Opinion
April 18, 1986
Appeal from the Supreme Court, Suffolk County (Baisley, J.).
Judgment affirmed insofar as appealed from, without costs or disbursements.
There is no merit to Barnett's contention that an individual's participation at a caucus constitutes an act which will disqualify that individual from witnessing signatures on a nominating petition governed by Election Law article 6 for the same office from another party (see, Matter of Kendall v Jablonski, 84 A.D.2d 586; but see, Matter of Lynch v. Huested, 118 A.D.2d 674 , concerning nominations for village offices under Election Law art 15). Accordingly, nisi prius did not err in precluding the admission of evidence which Barnett alleged would have proven that some of the authenticating witnesses for Blydenburgh's petitions on the Concerned Citizens Against LILCO line had previously voted in the Republican caucus for the same office.

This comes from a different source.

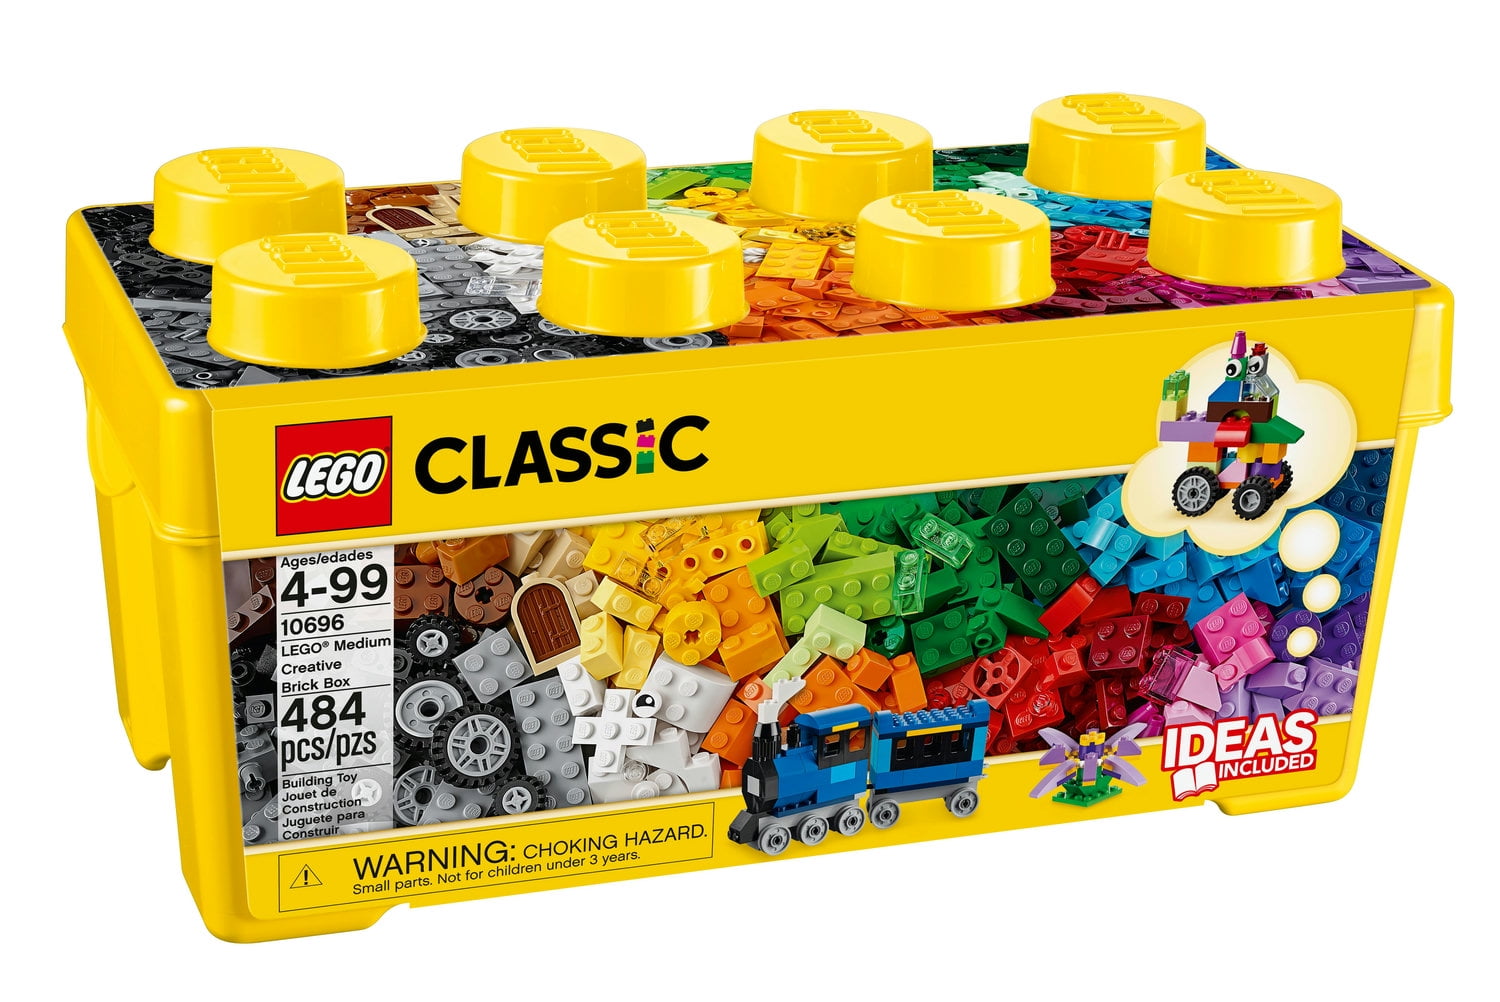 Wholesale Bundle Job Lot Clearance Mixed Stock Toys Blocks Lego Compatible 8 Box

Matter No. 1, which was commenced pursuant to General Business Law § 133, was properly dismissed as it was not commenced by an aggrieved candidate or by the chairman of any party committee or independent body, but by Ratepayers Against LILCO, Inc. We agree with the finding at nisi prius that Ratepayers Against LILCO, Inc., did not have standing to bring the action (see, Election Law § 16-104).
We have considered the issue raised on the cross appeal and find it to be without merit. Thompson, J.P., Rubin, Lawrence and Kunzeman, JJ., concur.